Diaphragm ring, distance scale, and depth-of-field ring complete the outer mount of the finished camera lens.

Behind closed doors

As we are standing at the bench where the 50mm Noctilux lens is assembled, a visitor asks about the machines on which the aspherical lenses are made.  In a moment we are plunged into an interesting conversation.  We gather, however, that for security reasons it is impossible for our guide to show us these machines.  The quantity production of aspherical lenses for use in the construction of extreme wide aperture lenses is, we are told, the most important advance that has been made in recent years.

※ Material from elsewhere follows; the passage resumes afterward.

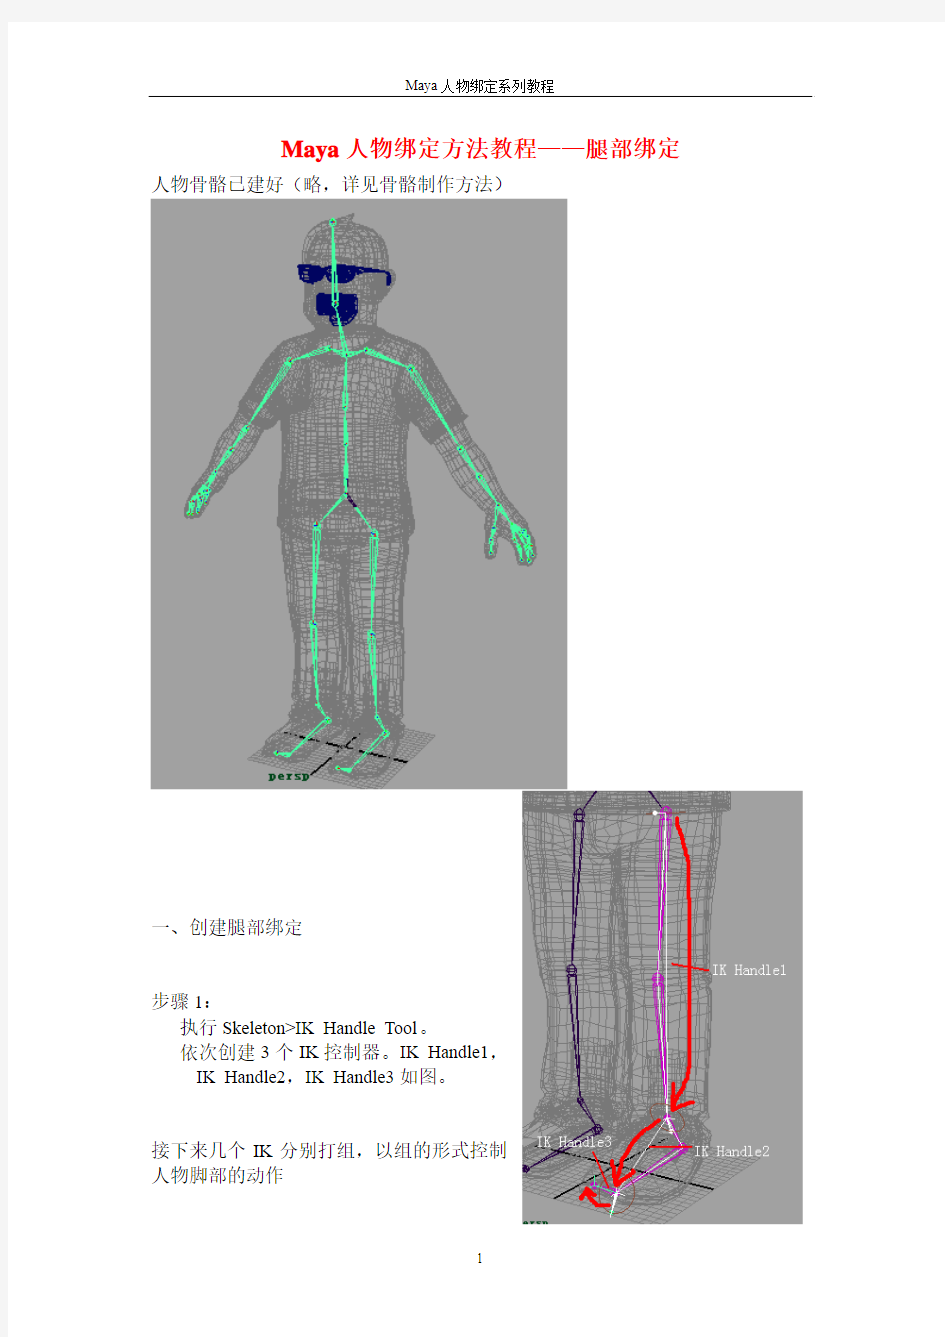 Maya人物绑定方法教程——腿部绑定

From raw material to precision instrument

Metal working is a process with which we are all familiar.  Almost everybody at some time has had an opportunity to look inside a fitting shop.  Lathes, milling machines, lacquering shops, modern automatic machinery for dozens of different working processes – all these are to be seen in the reports of all manner of industrial plants brought to us daily since cinema and television have made audio-visual communication so easy.  Nevertheless an actual conducted tour of a factory remains a special experience.  Nothing can rival its immediacy.  The sounds and odors, the atmosphere of the work bench, these things can only be fully appreciated by an actual visit to the scene.

Similarly it is impossible to convey be mere description the quality of precision mechanism such as is embodied by long tradition in Leitz instruments.  For this we must stand side by side with the precision mechanic, bringing, however, to the occasion a degree of sympathy and open mindedness.

Our guide is well chosen: he is well versed in his subject, for he was for many years himself employed as production engineer.  He leads us through labyrinths of countless departments so that in the end we really come to believe that we have completely got the hang of the factory set-up, and have in our mind’s eye a complete picture of the whole production scheme.

In the material stores

In the material stores we see the raw materials of manufacture: steel, brass, bronze, aluminum, and plastics.  In Store 1 are housed the castings.  We examine the numerous housings and components; we learn how the machine produced casting is better from the finished point of view than the hand casting, for it is important in precision mechanical work that the rough casting should have as clean a surface as possible.  In this department we see quite small castings, as well as castings measured in yards, as used for building the bulky measuring microscopes and big projectors.

In the semi-products store are sheet metal, tuning, rods, and other profile material.  We soon discover certain parallels between this tour and our visit to the optical workshops.

Grinding and annealing

Here plate shearing takes the place of the slitting of the glass blocks.  Glass rod becomes here metal profile, and molded glass blanks have their equivalent in metal.  First we follow the casting through its successive operations.  The first process, in the grinding shop, is to clean the casting inside out.  Next it goes into a large furnace, in which it is annealed to remove any internal stress.  We are told that this annealing process is repeated an number of times during the course of machining, because complete freedom from internal stress is essential to high precision.

In many cases the precision mechanic also carries out inspection, and his work bench is accordingly equipped with the requisite instruments.  As in the optical bench there are many such measuring and checking instruments, and these are made in the Leitz factory.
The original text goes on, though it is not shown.